> What the task requires: Could you restate the data below word for word, without its pictures?

======== Provided data

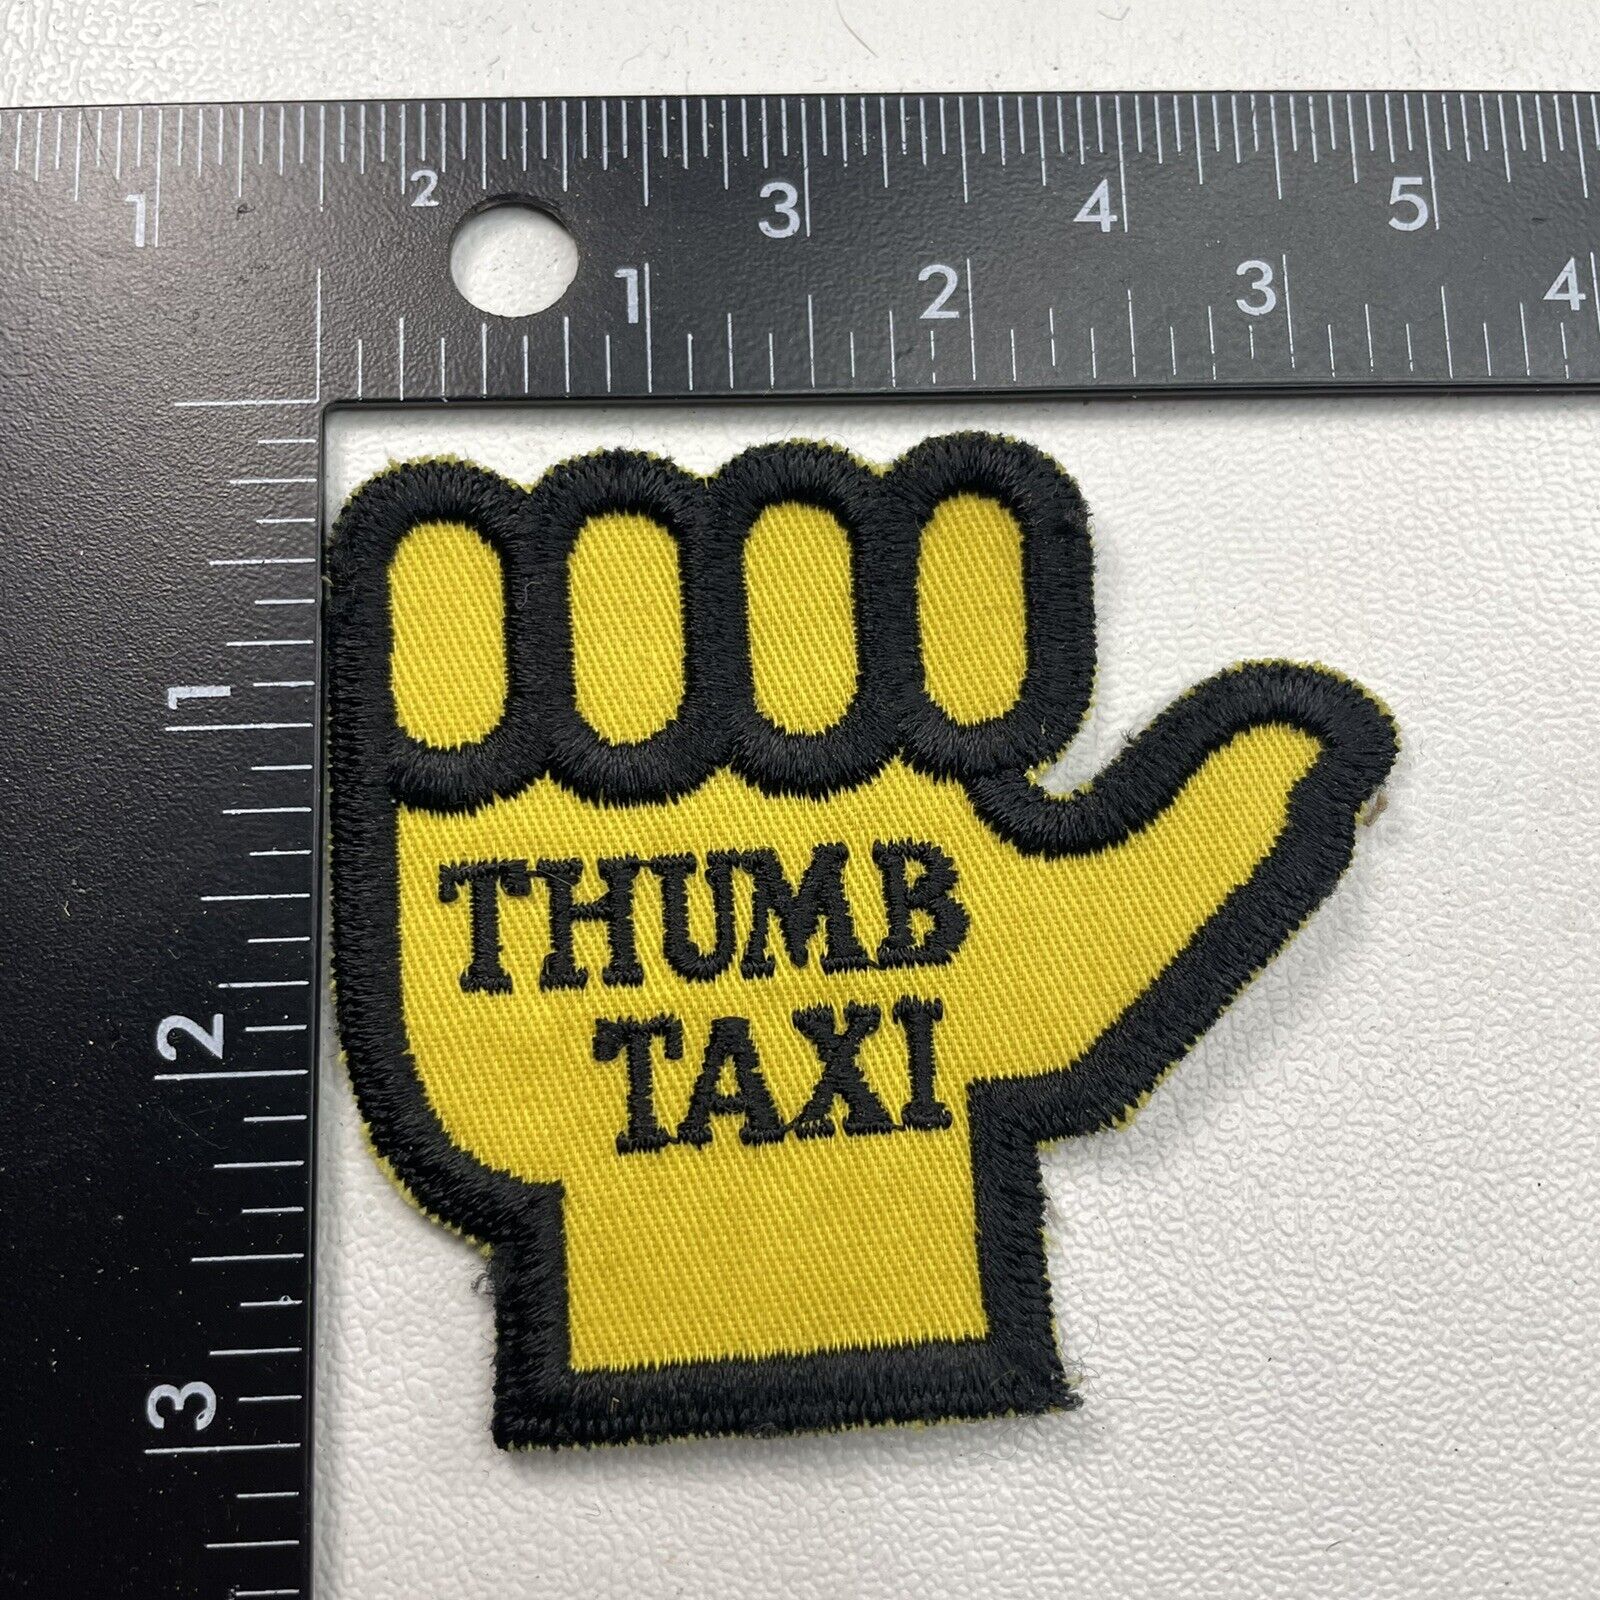 Vintage Max 66% OFF Hitchhiker THUMB Oklahoma City Mall TAXI Patch In 82M2 Great Condition
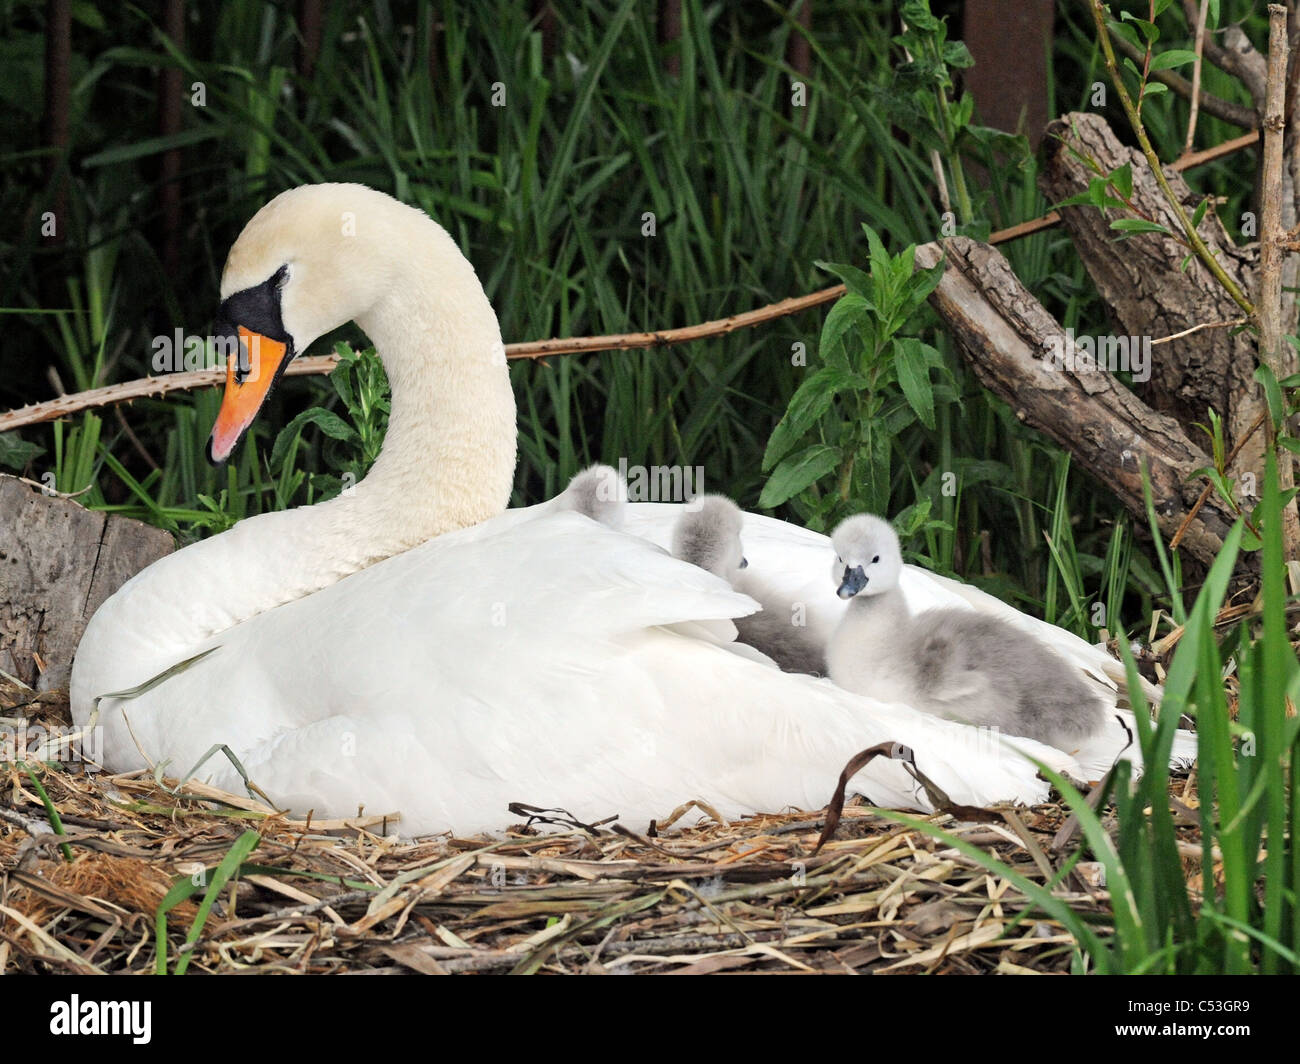 A swan with young cygnets sitting in her wings. Stock Photo
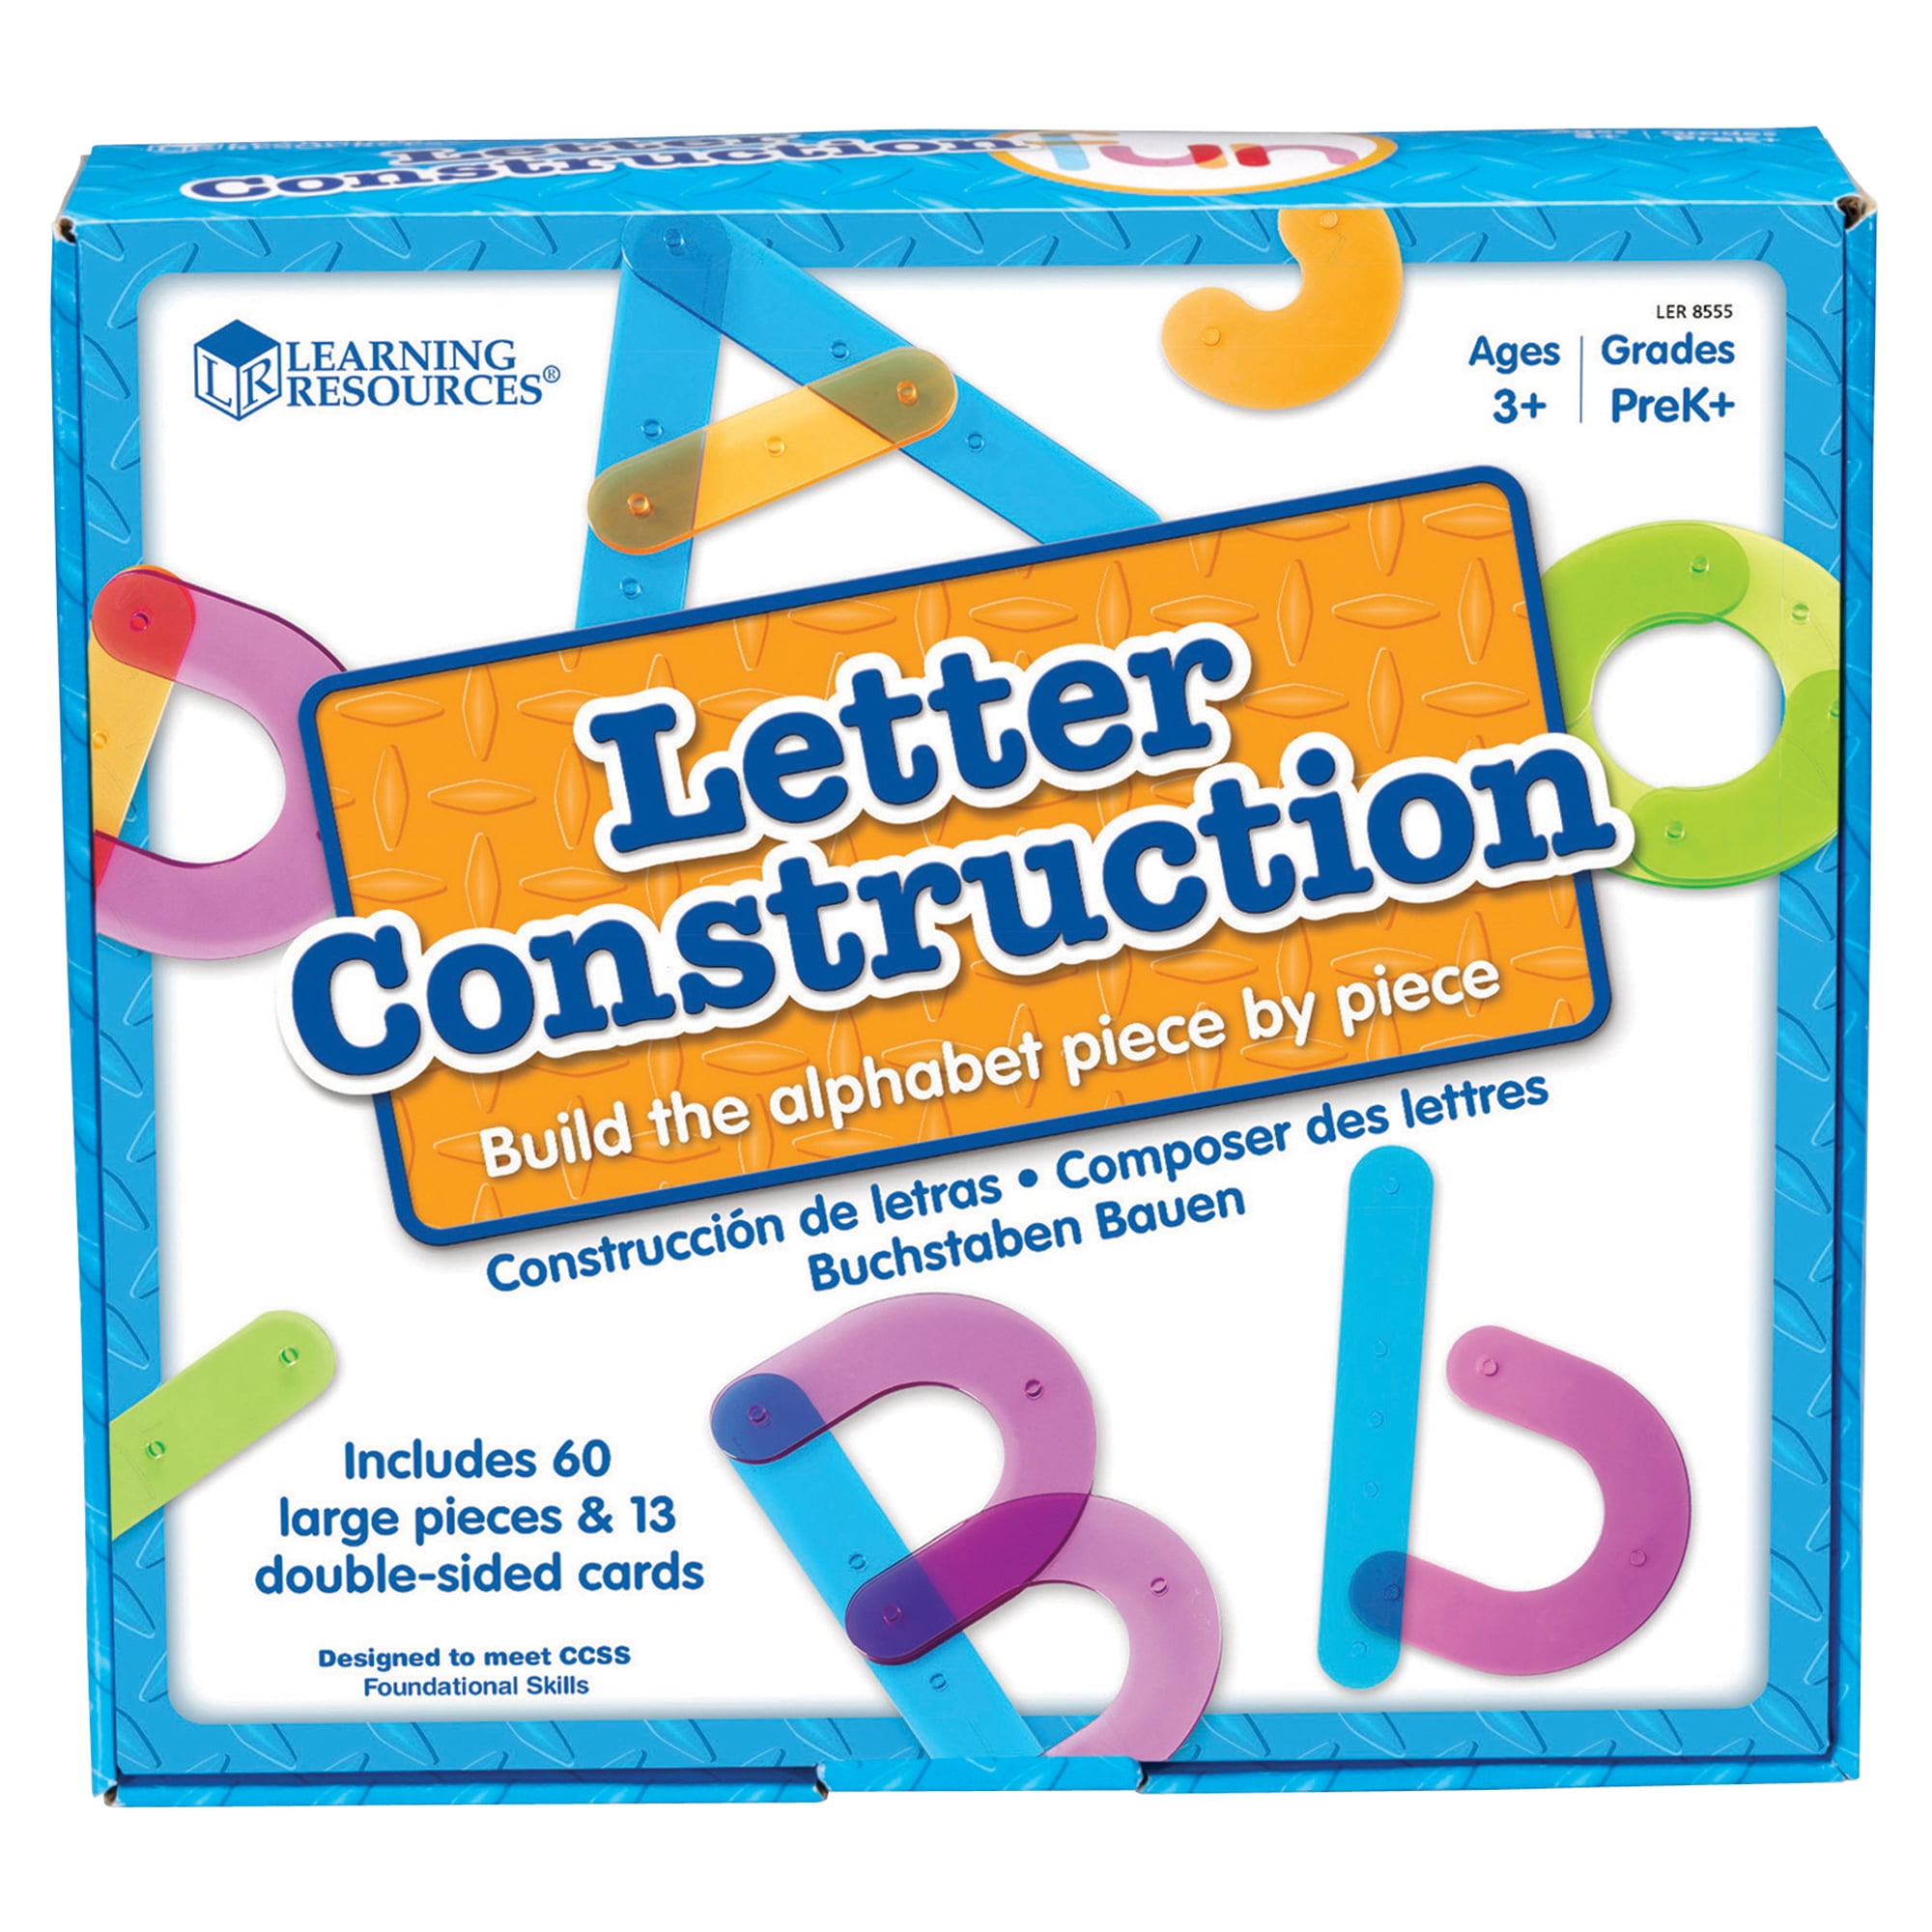 Educational Insights Alphabet Rubber Stamps - Uppercase 5/8, Set of 26  Letters and 4 Punctuation Marks: Perfect for Homeschool & Classroom, Ages 4+

================

> Response area:
 Vintage Max 66% OFF Hitchhiker THUMB Oklahoma City Mall TAXI Patch In 82M2 Great Condition
 A swan with young cygnets sitting in her wings. Stock Photo
 Educational Insights Alphabet Rubber Stamps - Uppercase 5/8, Set of 26  Letters and 4 Punctuation Marks: Perfect for Homeschool & Classroom, Ages 4+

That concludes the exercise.